Six particles situated at the corners of a regular hexagon of side ‘a’ move at a constant speed v. Each particle maintains a direction towards the particle at the next corner. Calculate the time the particle will take to meet each other.
$
  (a){\text{ }}\dfrac{{2a}}{{3v}} \\
  (b){\text{ }}\dfrac{a}{v} \\
  (c){\text{ }}\dfrac{{2a}}{v} \\
  (d){\text{ }}\dfrac{a}{{3v}} \\
$

Answer 1

Hint: In this question consider particles at the ends of a hexagon moving towards each other in an anti-clockwise direction. Take into consideration any two particles say F and E. Use the relationship between distance, speed and time along with the concept of relative velocity with the fact that for the particle on E the direction of the velocity is rotated by (180 -120) that is 60 degree. This will help approaching the problem.
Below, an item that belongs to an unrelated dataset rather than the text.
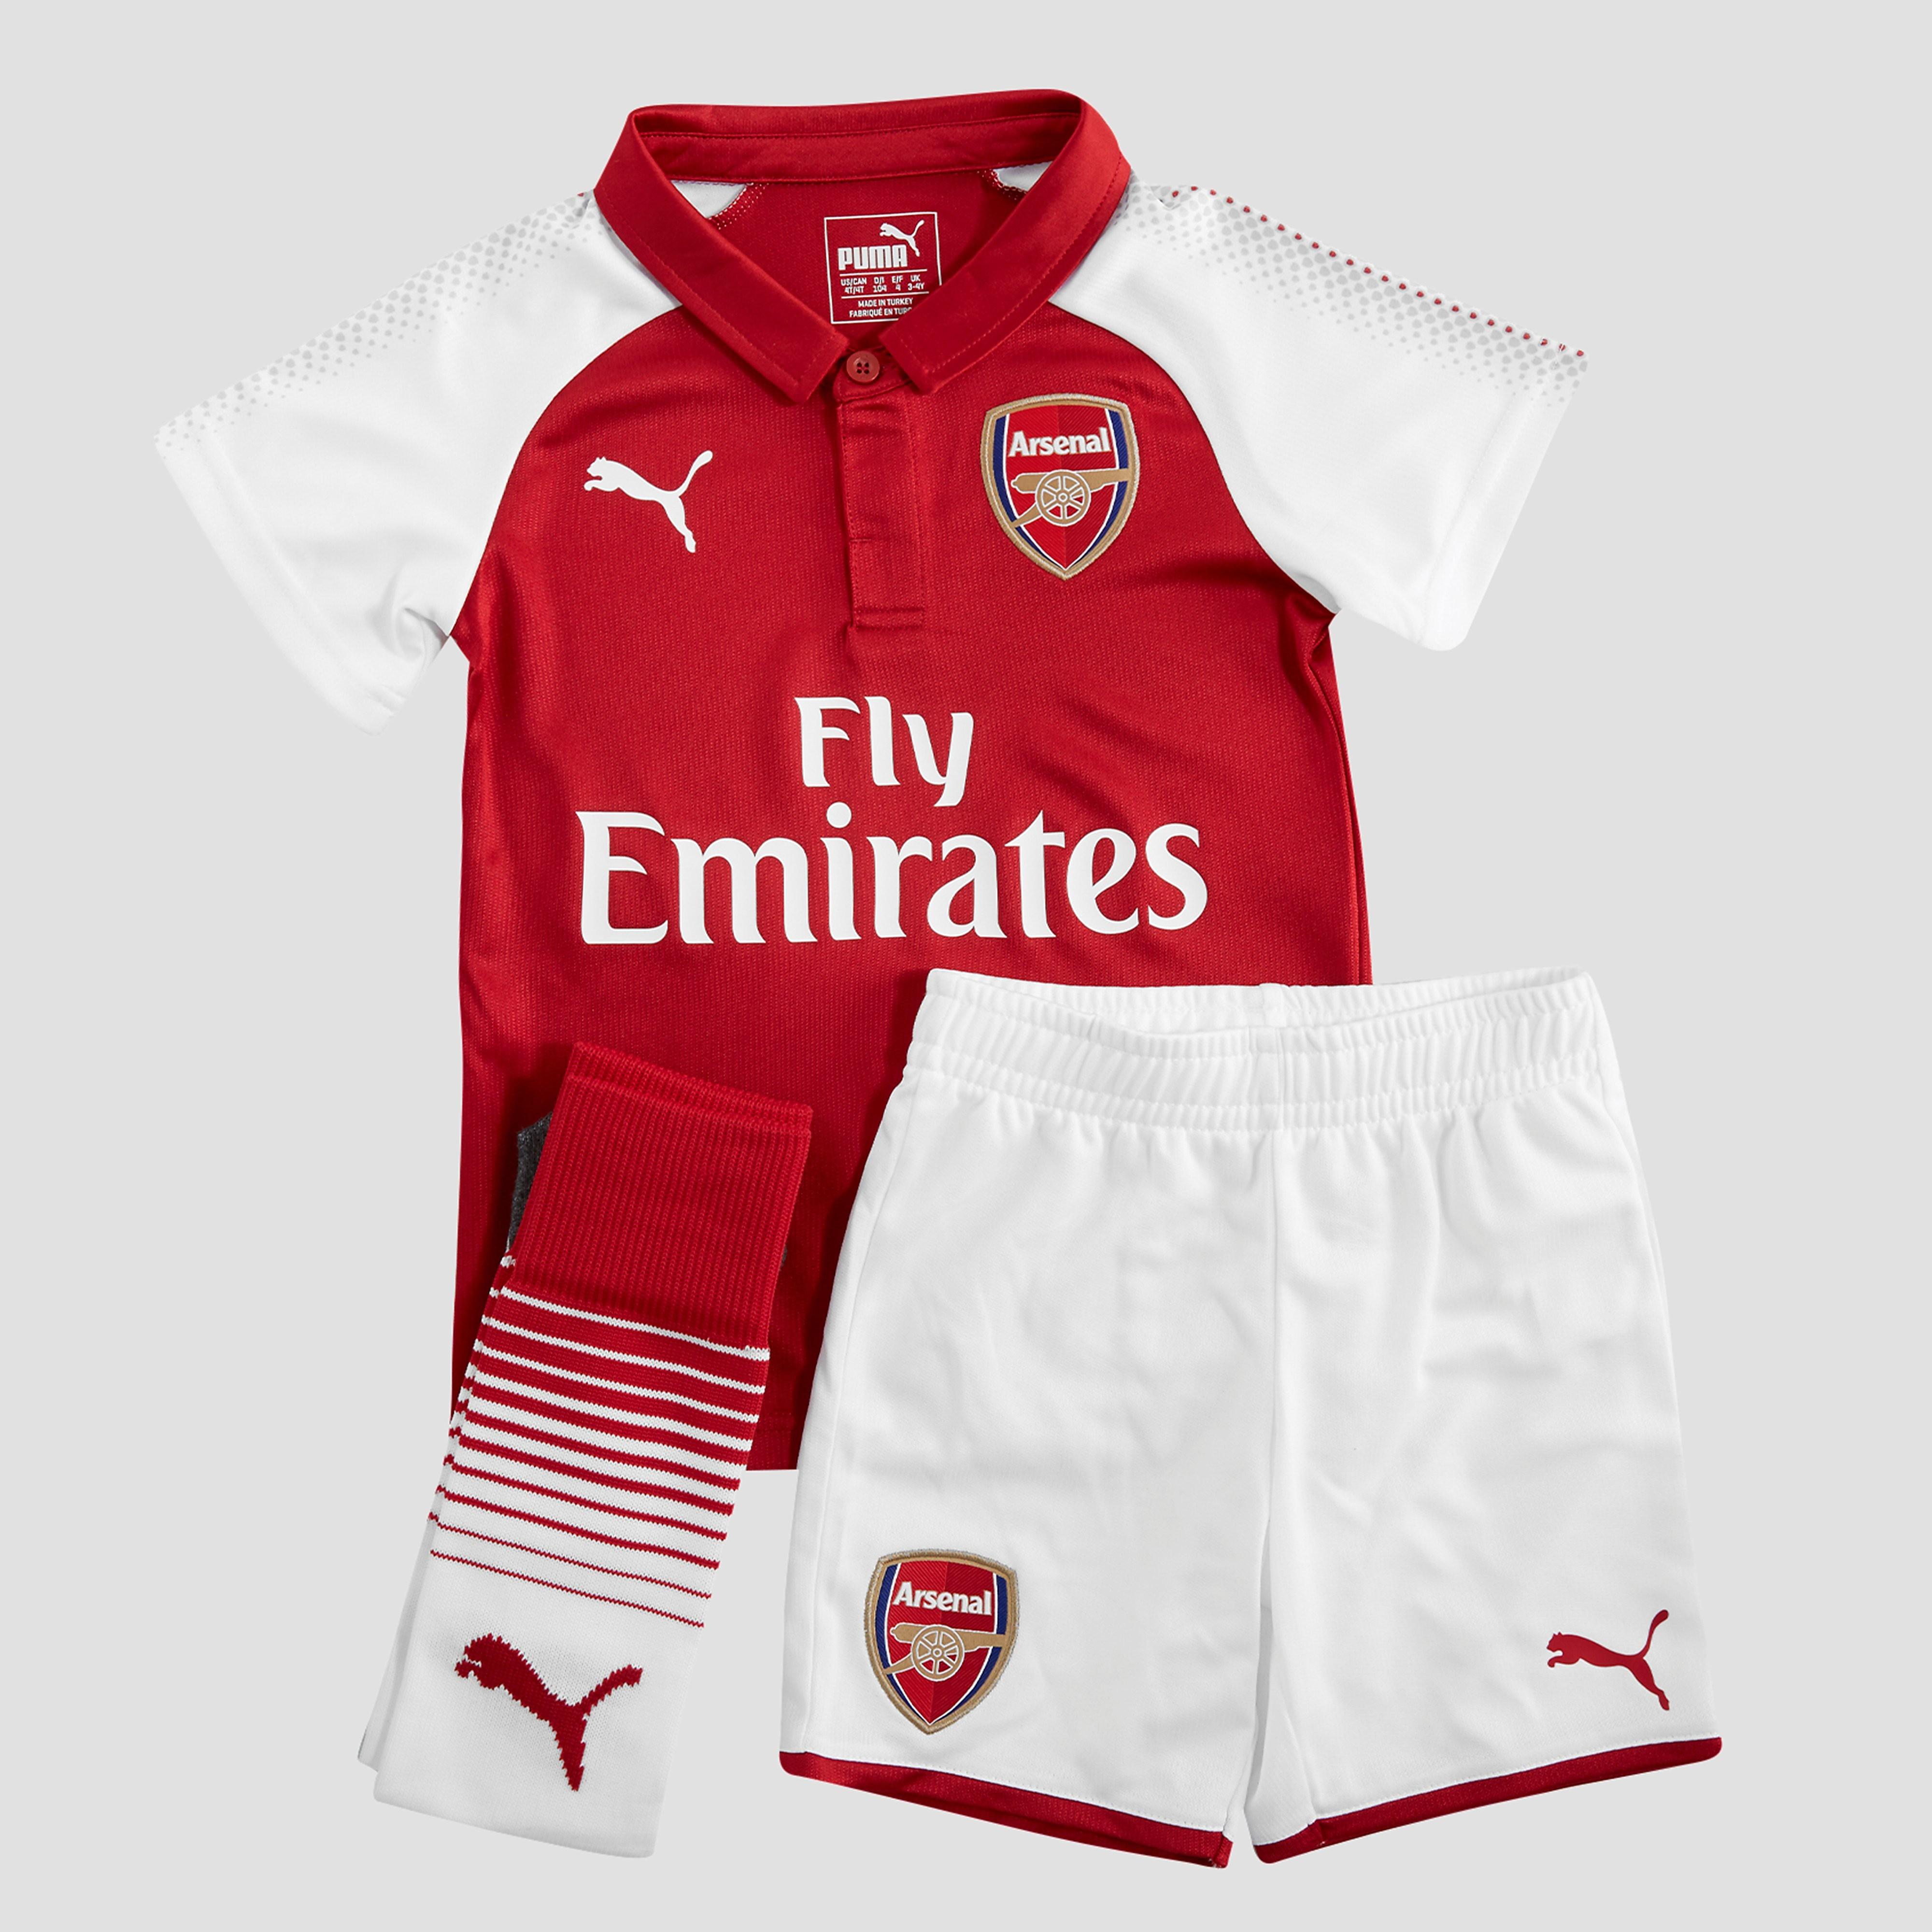 PUMA Arsenal FC 2017/18 Home Kit Children

Complete step-by-step answer:

Six particles A, B, C, D, E and F are situated on a regular hexagon as shown in the above diagram.
Each particle maintains a direction towards the particle at the next corner as shown in the figure.
The speed of each particle is constant at v m/s.
The side of the regular hexagon is a.
As we know in a regular hexagon the interior angle of a regular hexagon is 120 degree as shown in the figure.
Now concentrate on two particles F and E.
The displacement between these particles is the side of the regular hexagon i.e. a.
Let it take time to meet each other.
Now as we know the relation between velocity, time and distance, as time taken to meet these two particles is the ratio of the distance travelled by these two particles to the relative velocity of these two particles.
As the speed of every particle is the same, but the direction is different so the velocities of particles are changed due to direction of the particles.
If we consider the direction of F particle as reference so the velocity of particle F is v m/s.
Now as we see the particle on E the direction of the velocity is rotated by (180 -120) = 60 degree.
So the velocity of E particle becomes $v\cos {60^o}$
So the relative velocity (${V_{rel}}$) of particle F and E is
$ \Rightarrow {V_{rel}} = v - v\cos {60^o}$..................... (1)
So the time taken by the particles F and E to travel (a) distance is
$ \Rightarrow t = \dfrac{a}{{{V_{rel}}}}$
Now from equation (1) we have,
$ \Rightarrow t = \dfrac{a}{{v - v\cos {{60}^o}}}$
Now as we know that $\cos {60^o} = \dfrac{1}{2}$ so we have,
$ \Rightarrow t = \dfrac{a}{{v - \dfrac{v}{2}}} = \dfrac{a}{{\dfrac{v}{2}}} = \dfrac{{2a}}{v}$
So this is the required time particles will take to meet each other.
Hence option (C) is the correct answer.

Note – As the particles are moving towards each other along the direction of the sides of the hexagon thus the velocity is resolved into its two components that is $v\cos \theta $ and $v\sin \theta $, taking into consideration that the interior angles of hexagon is equal to 60 degrees thus $\theta = {60^0}$. While calculating the relative velocity of one particle with respect to another particle one particle is taken at rest and its velocity is given in exactly the opposite direction to the other particle in motion.